According to Torah, a master must grant a Jewish slave freedom upon the arrival of the seventh year. However, there is provision for a slave who wishes to remain with his owner. When a slave refuses to go free, the owner is instructed to bring the slave to a doorpost, and pierce his ear with an awl to mark him as a committed slave. Only upon the arrival of the jubilee fiftieth year is such a slave then freed.


Why would a person refuse to go free and rather wish to remain enslaved? What do we learn from this mitzvah in a time when we no longer engage in the cruel practice of slavery?

Sapira remarks upon the Hebrew word מרצע (martze'a) for the tool used for the piercing. She points out that the word is an anagram of מצער (mi-tza'ar) which literally means, "from a place of despair". One can imagine that there are people who fear freedom beyond the confines of the world with which they are familiar. The distress of autonomy might compel such a person to retreat to servitude.

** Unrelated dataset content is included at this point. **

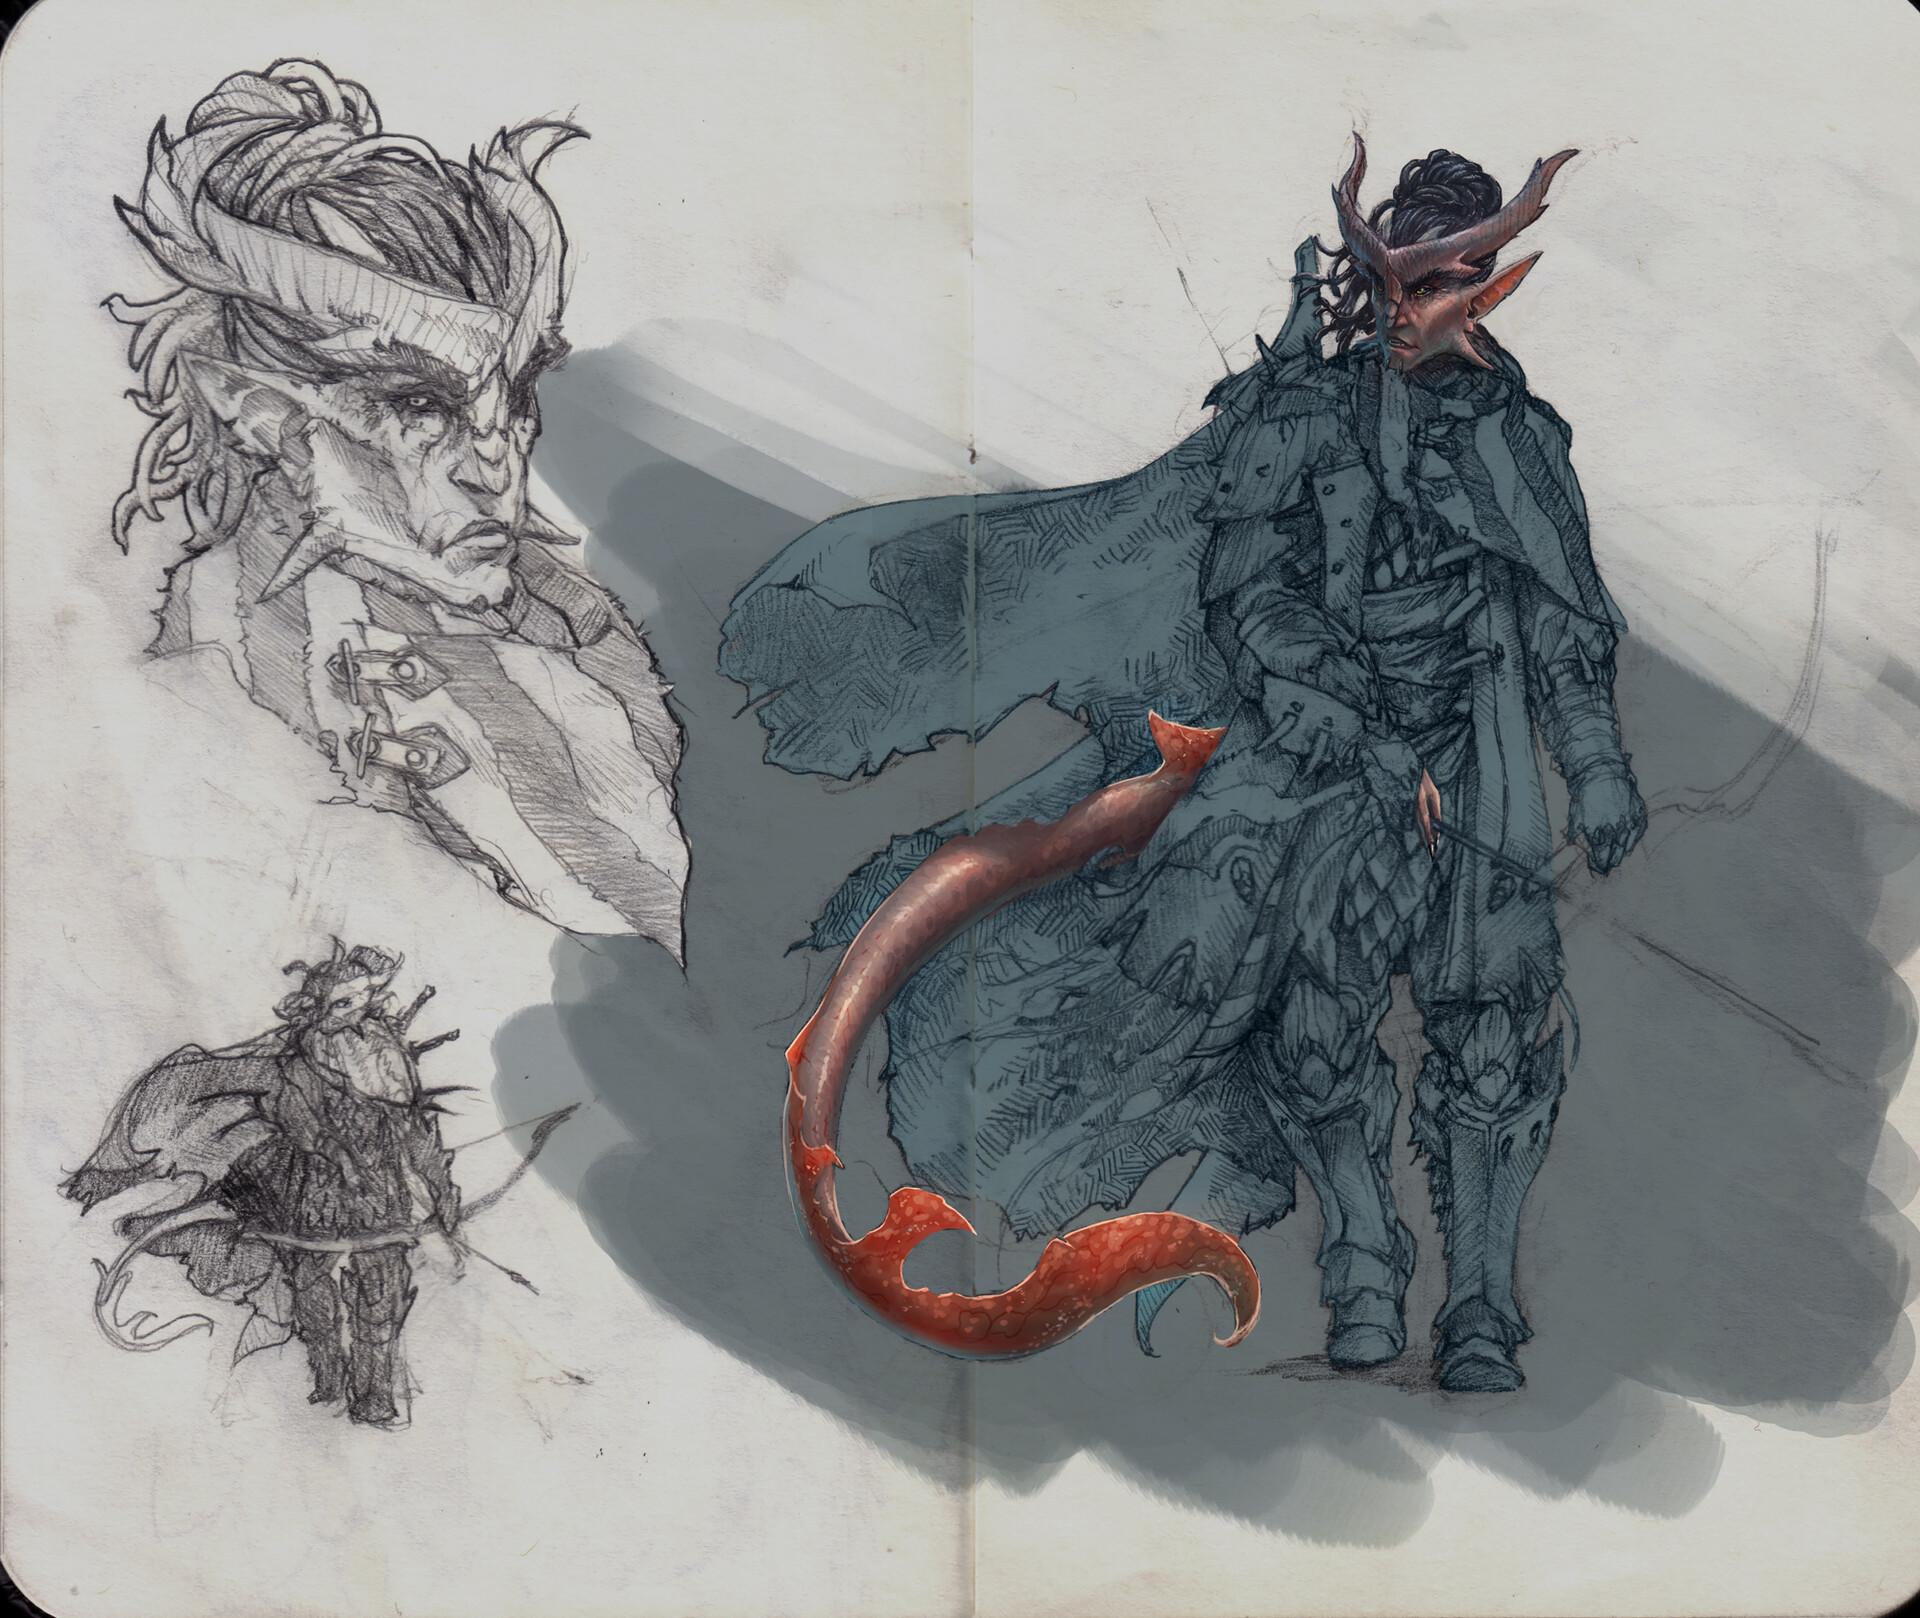 Initial pencil sketch + Base coloring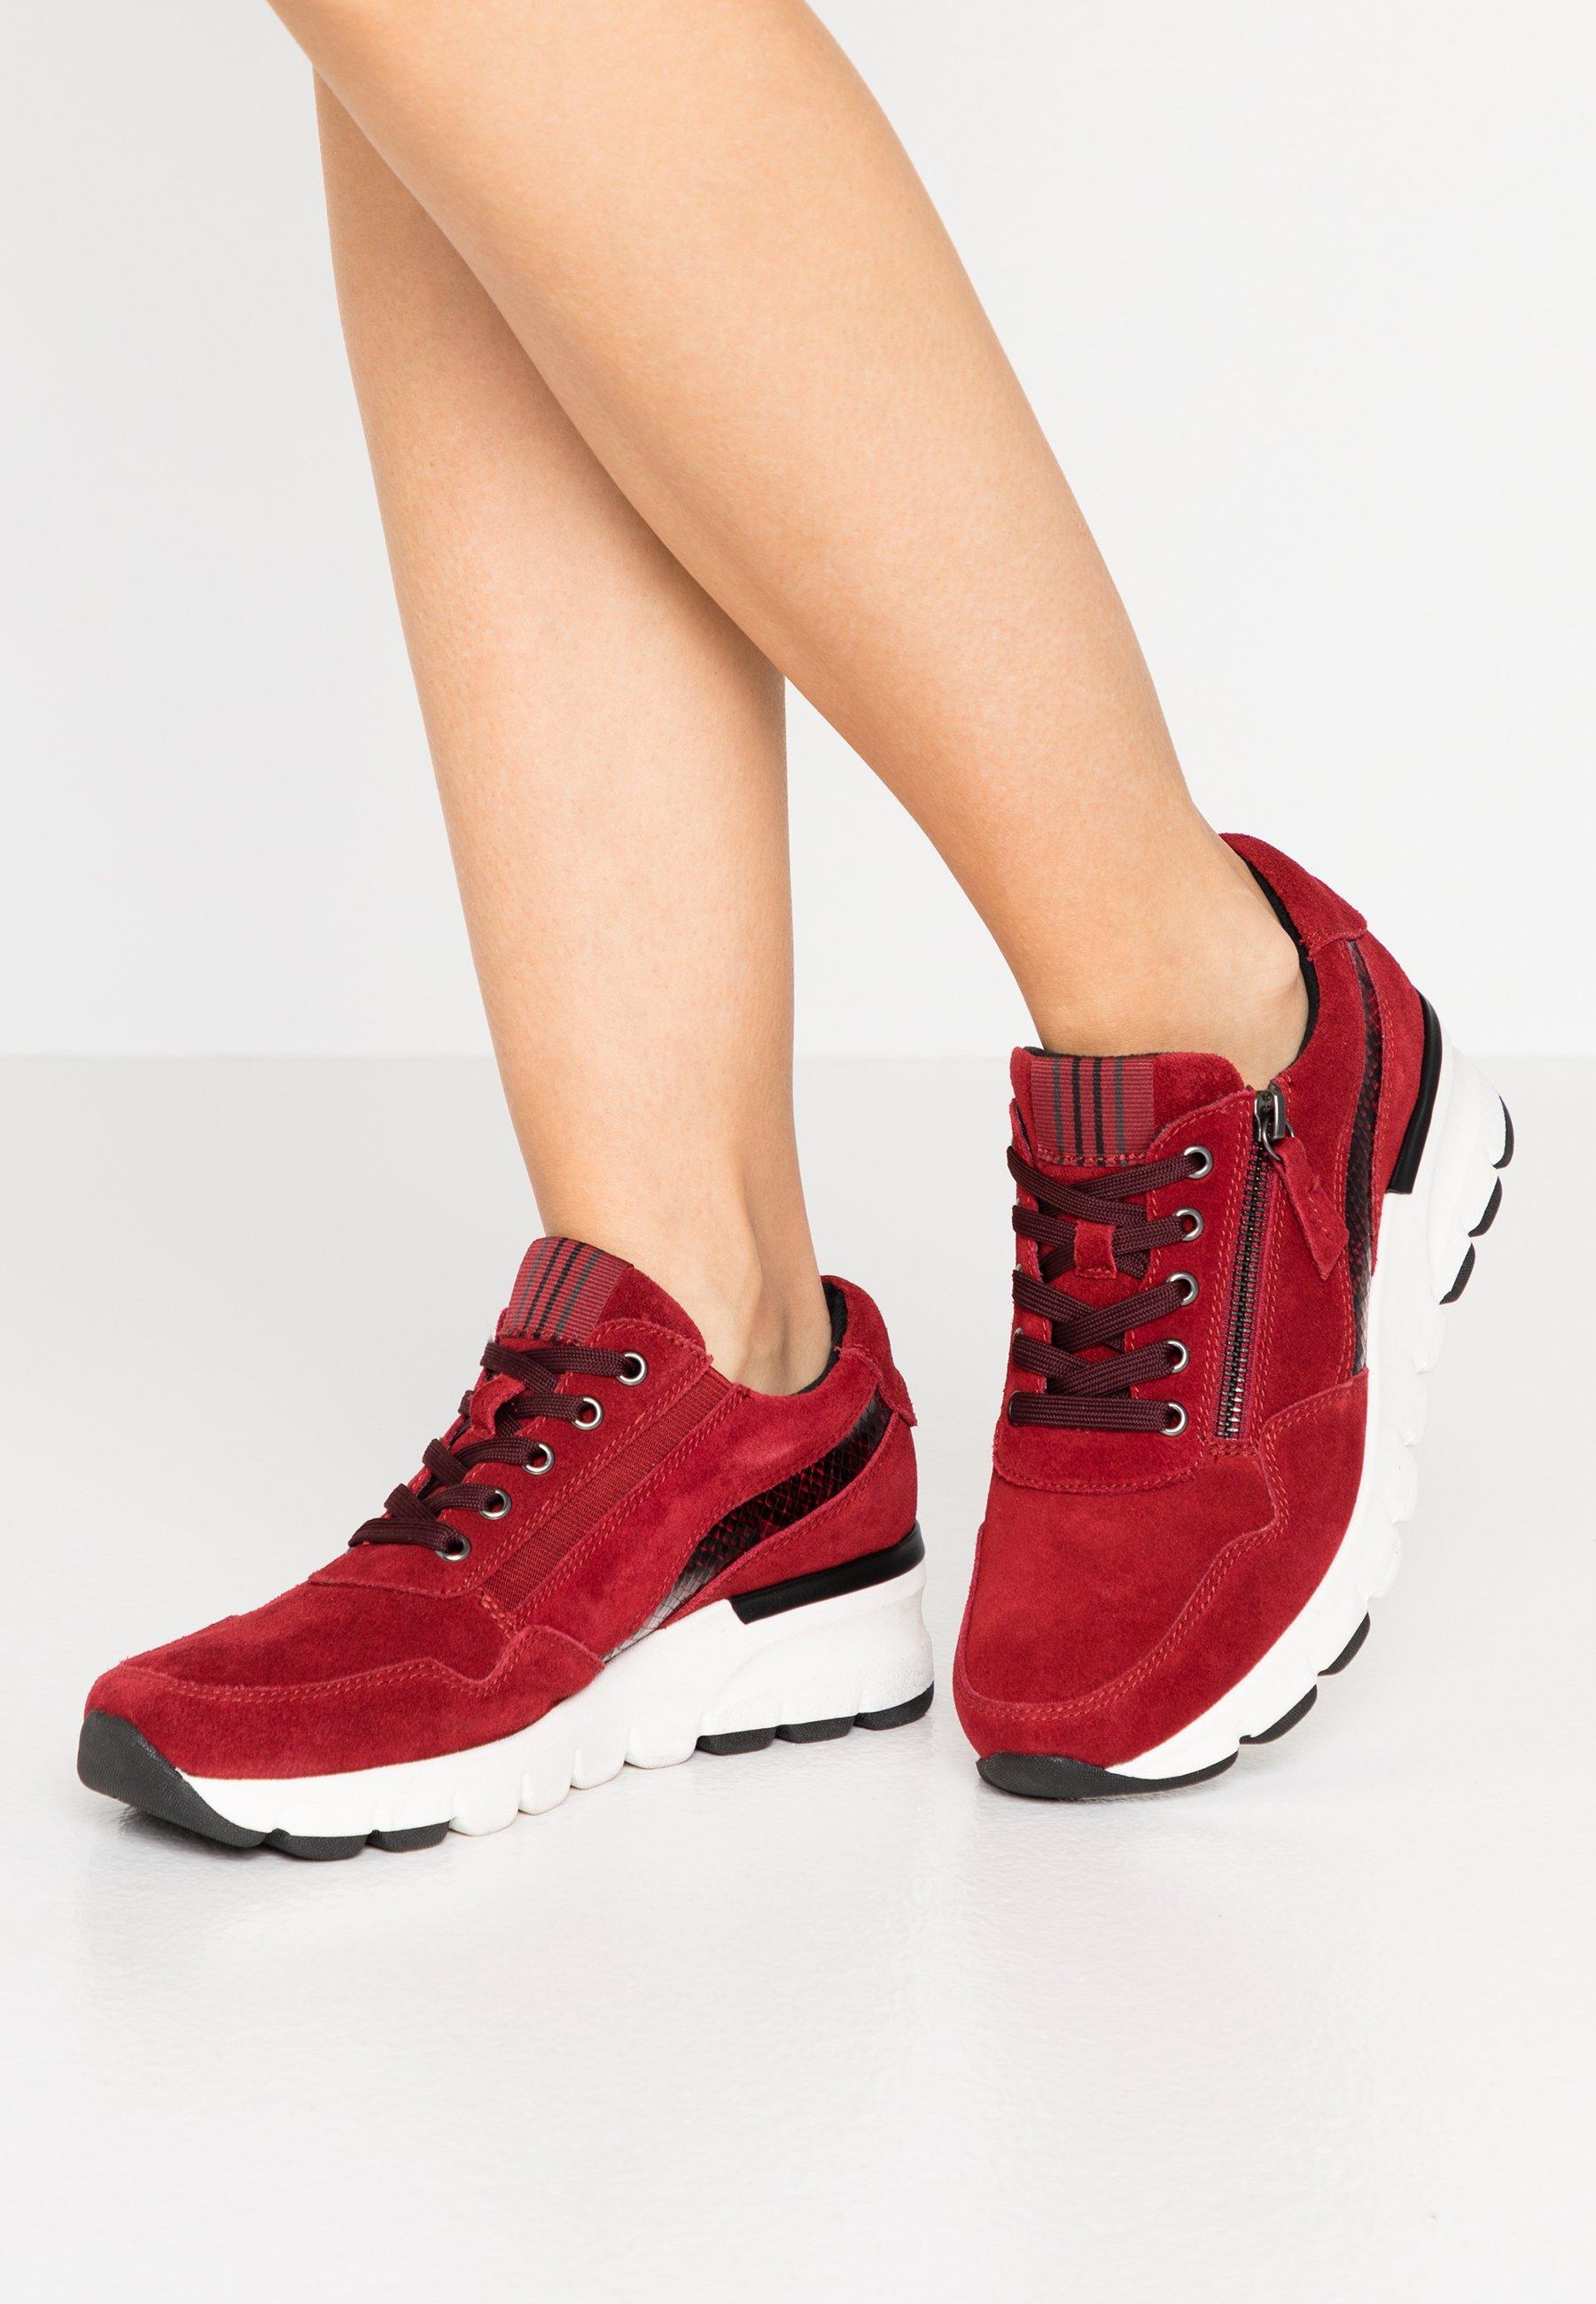 Amazing Price Up To Date Women's Shoes Jana Trainers merlot fcg4gu9gI 5ivXM02b8

Also significant is the gematria of the word מרצע which is equivalent to 400 -- the number of years the Jewish people were enslaved in Egypt. A Jew who refuses their own freedom is literally marked to signify the irony of their choice, given the foundational, tragic Jewish experience of slavery.

As well, the ear is the very organ with which the Jewish people heard Hashem's voice at Sinai, the voice impelling them to freedom with all its risks, to serve G-d and no other. The slave who denies themselves liberty is marked in their ear, to signify the cleft between their choice and the Divine ideals of liberty sounded by Hashem.

Sapira points attention to the location where the piercing is conducted -- the doorpost. A doorway represents a liminal space, the literal threshold of transition from one place to another. Any transition where we stand between one important place in our lives and another, can prove fearsome. This liminal space is the point where a decision needs to be made.

We stand at times at important thresholds in life. As noted author Bill Bridges points out in his book Transitions: Making Sense of Life's Changes, the transitional/liminal space can be unsettling and even frightening. When we wish to make a change in life, we may hear the message from others, "Don't change! Stay back!" In the course of transition, one may experience trauma and difficulty. After a time, when a person succeeds in changing, they can look back with new insight and learning about what they have undergone.

​To some, the threat of change, even to an improved situation, can prove overwhelming. The Eved Ivri at the end of seven years stands at a potential transition to autonomy. The refusal to go forward, the retreat into familiarity and safety, may represent a lost opportunity that cannot be regained. Such a person who refuses to go forward remains forever marked by his unreadiness to take ownership of his situation.

Hashem does not wish for the Jewish people to retreat back to slavery, as they threatened to do at the incident of the Hebrew Spies in the book of Bemidbar. Rather, G-d wishes for us -- both individually and collectively -- to proceed forth boldly into the world, to face our unsettling challenges with emunah (faith) and bitachon (surety) that Hashem accompanies us in our journeys. We cannot attain success unless we risk failure.
May we be inspired by Sapira's learning, to acknowledge the great demands of transition in our lives, and to find faith in Hashem to see us through to new pathways.